Fit a ridge regression model on the training set, with λ chosen by cross-validation. Report the test error obtained.

set.seed(123) # set seed for repreoducibility

train.mat = model.matrix(Apps ~., train)
test.mat = model.matrix(Apps ~., test)

grid = 10^seq(10,-2, length=100) # set grid from null model to least squares fit

ridge.fit = cv.glmnet(train.mat, train$Apps, alpha=0, lambda = grid) # 10 fold cross validate to find best lambda

bestlam.ridge = ridge.fit$lambda.min

ridge.pred = predict(ridge.fit, s = bestlam.ridge, newx = test.mat)
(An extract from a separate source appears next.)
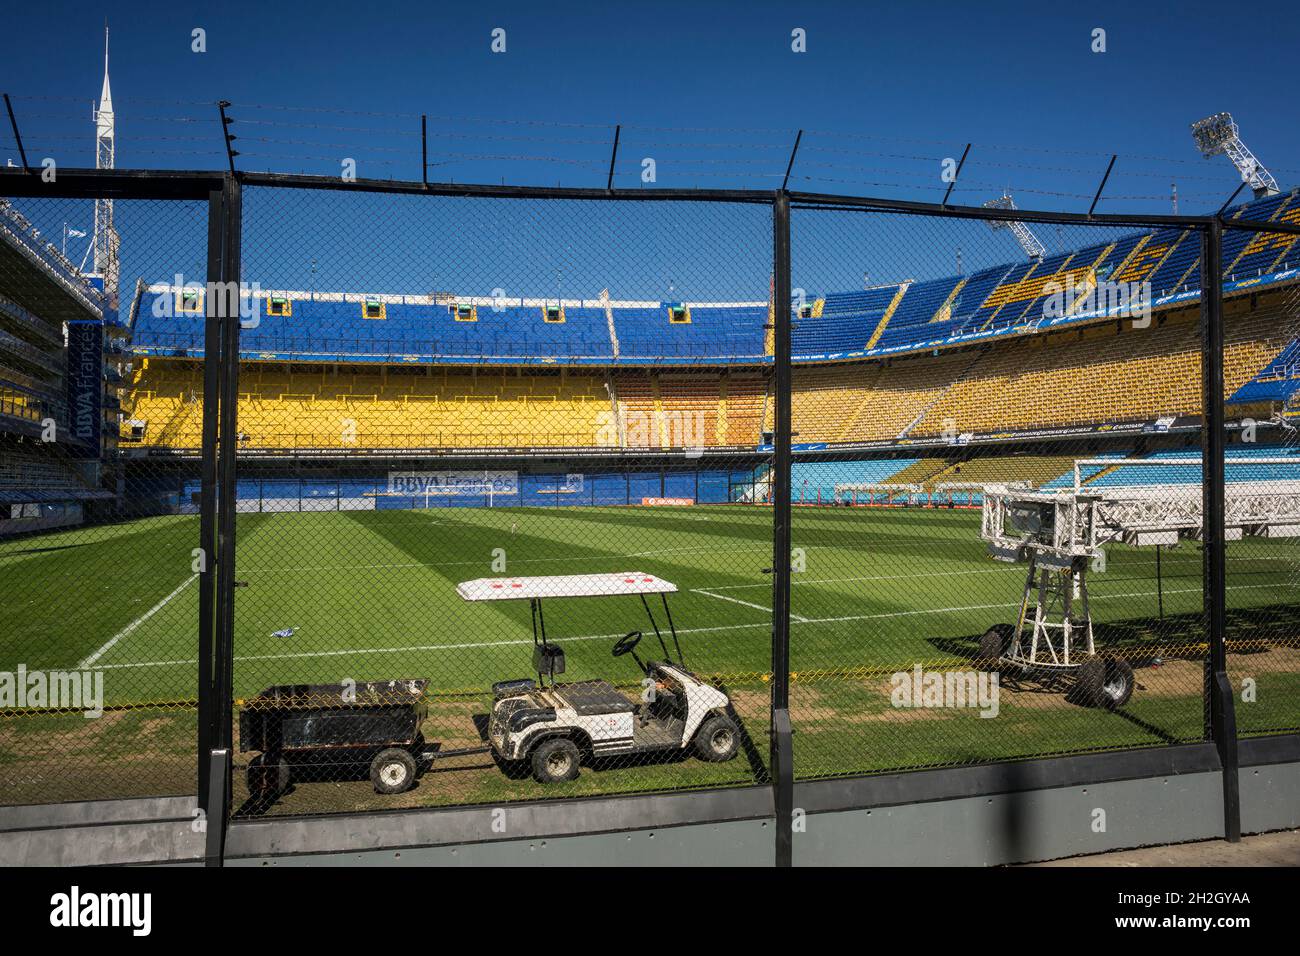 Horizontal view of La Bombonera (Boca Juniors soccer field) from the local supporters’ location, behind the reinforcing mess, in La Boca, Buenos Aires Stock Photo

mse = mean((ridge.pred - test$Apps)^2)

The test MSE increased from the least squares model and is now 1.939282 ^6

out = glmnet(train.mat, train$Apps, alpha = 0)
predict(out, type="coefficients", s = bestlam.ridge) # ridge regression does not perform variable selection
## 19 x 1 sparse Matrix of class "dgCMatrix"
##                         1
## (Intercept) -1.108384e+03
## (Intercept)  .           
## PrivateYes  -6.344812e+02
## Accept       7.799468e-01
## Enroll       7.025220e-01
## Top10perc    2.888869e+01
## Top25perc   -2.480330e+00
## F.Undergrad  1.000467e-01
## P.Undergrad  7.509154e-03
## Outstate    -1.062903e-02
## Room.Board   2.160271e-01
## Books        2.845690e-01
## Personal    -6.359640e-02
## PhD         -2.824524e+00
## Terminal    -5.297962e+00
## S.F.Ratio   -2.570072e+00
## perc.alumni -1.259409e+01
## Expend       7.644084e-02
## Grad.Rate    1.090898e+01

(d)

Fit a lasso model on the training set, with λ chosen by cross-validation. Report the test error obtained, along with the number of non-zero coefficient estimates.

set.seed(123)
lasso.fit = glmnet(train.mat, train$Apps, alpha = 1, lambda = grid)
cv.lasso = cv.glmnet(train.mat, train$Apps, alpha = 1, lambda = grid)
bestlam.lasso = cv.lasso$lambda.min
bestlam.lasso
## [1] 6.135907
lasso.pred = predict(lasso.fit, s = bestlam.lasso, newx = test.mat)
mse = mean((lasso.pred-test$Apps)^2)

The test MSE decreased from the least squares and the ridge model. This model has the lowest MSE at 1.729545 ^6

predict(lasso.fit, type="coefficients", s = bestlam.lasso) 
## 19 x 1 sparse Matrix of class "dgCMatrix"
##                         1
## (Intercept) -437.25898480
## (Intercept)    .         
## PrivateYes  -660.98080564
## Accept         1.21931066
## Enroll         0.08323063
## Top10perc     45.77913227
## Top25perc    -13.13933555
## F.Undergrad    0.02274101
## P.Undergrad    0.02964089
## Outstate      -0.04845178
## Room.Board     0.17834817
## Books          0.16979458
## Personal      -0.01898038
## PhD           -5.30560631
## Terminal      -4.85092509
## S.F.Ratio      .         
## perc.alumni   -7.57316944
## Expend         0.07559669
## Grad.Rate      9.69692642

(e)

Fit a PCR model on the training set, with M chosen by cross- validation. Report the test error obtained, along with the value of M selected by cross-validation.

set.seed(123)

pcr.fit = pcr(Apps ~., data = train, scale = T, validation = "CV")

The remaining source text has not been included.